Flynn estimates the room contains 300 books on the Beatles. There are coffee mugs and other such items celebrating the band -- posters, photographs and paintings. Some are signed by people associated with the lads from Liverpool, like May Pang and Nancy Andrews, former girlfriends of John and Ringo, respectively.
All of the mop-tops’ albums line the wall, wrapping around the room, from their early British releases to their swan song, “Let It Be.”
The crown jewels of the collection are three LPs with the record jackets signed by all four Beatles: their initial U.S. album, “Introducing the Beatles,” “Hard Day’s Night” and “Rubber Soul.”
The first-named particularly appeals to Flynn’s sense of esoteric Beatles lore. It’s a bootleg, he points out, pressed by Vee-Jay, the company that had the distribution rights for the band in America before losing the franchise to Capitol. That didn’t keep them from stamping out look-alikes until a court finally put a stop to it. The contents were sometimes juggled, but the covers were well-done imitations. John, Paul, George and Ringo all signed the one Flynn displays apparently without recognizing the fake.
Flynn revels in his mastery of such trivia. He has early 45s with songs credited “McCartney-Lennon,” the reverse of what became the standard credit later on. He knows who was who in the band’s saga and has met and corresponded with many of them, including: Pete Best, the original drummer with John, Paul and George; Billy J. Kramer, a fellow Brit who first covered several Lennon-McCartney songs; and Sid Bernstein, who produced the Beatles’ concerts in America.
He has a set of Beatles trivia cards that he doesn’t mind correcting.
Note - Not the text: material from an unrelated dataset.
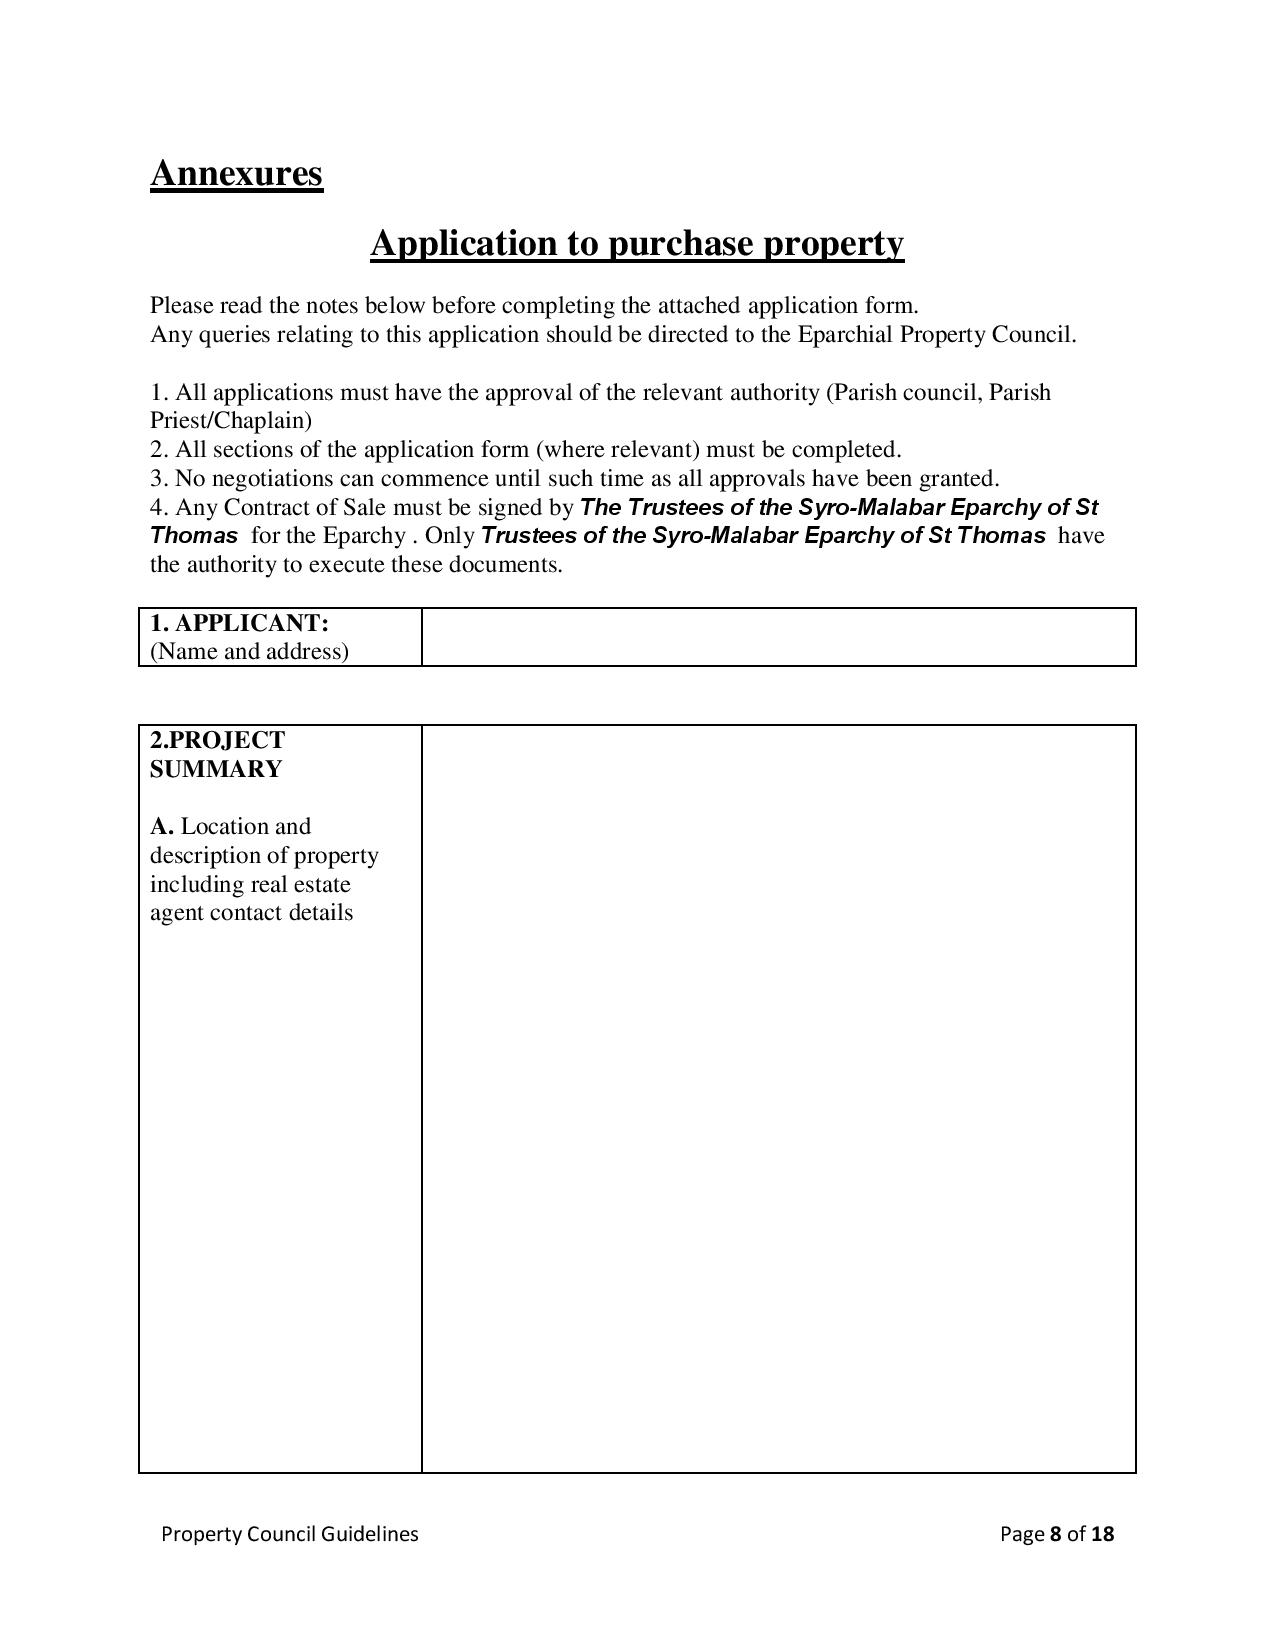 property-council-guidlines-v2-4-page-008

“Who bought John Lennon’s first guitar?”
“There’s debate about that,” he says, taking issue with the three-word answer on the back of the card and citing the various sources and their reasons for different answers.
“Who was the first Beatle to set foot in the United States?”
That one’s easy. George. Twice. “Harrison was the first to step off the airplane in New York,” Flynn says, with a photo to prove it. But before then, when the band began to make money, he used some of his earnings to visit his sister in St. Louis. Flynn also has a photo of himself with George Harrison’s sister, who still lives in Missouri.
He also notes, with a touch of irony, that during that trip Harrison made the rounds of St. Louis radio stations trying to push the group’s records. “They didn’t want anything to do with this British band,” he says with a shake of his head.
The world has long since reversed the verdict of the St. Louis DJs. And the verdict remains valid even though the group, as a group, is long gone. But that enduring popularity is a sign of their greatness, Flynn said.
“They’re still the number one band of all time, even though they disbanded more than 40 years ago. They’re cross-generational; they cut across racial and economic lines. There’s never been anything like them.”
A sense of the sacred permeates the John Lennon Room and with it a sense of deep nostalgia for things that can no longer be touched. The signed albums are framed, not to be played or listened to, the vinyl perhaps never to be seen outside its sleeve again. On the wall with images of the real Beatles are posters of the various “tribute” bands Flynn has brought to Alaska over the past eight years.
“Obviously, it’s not the Beatles,” he said with a sigh. “But it’s as close as we’re going to get now.”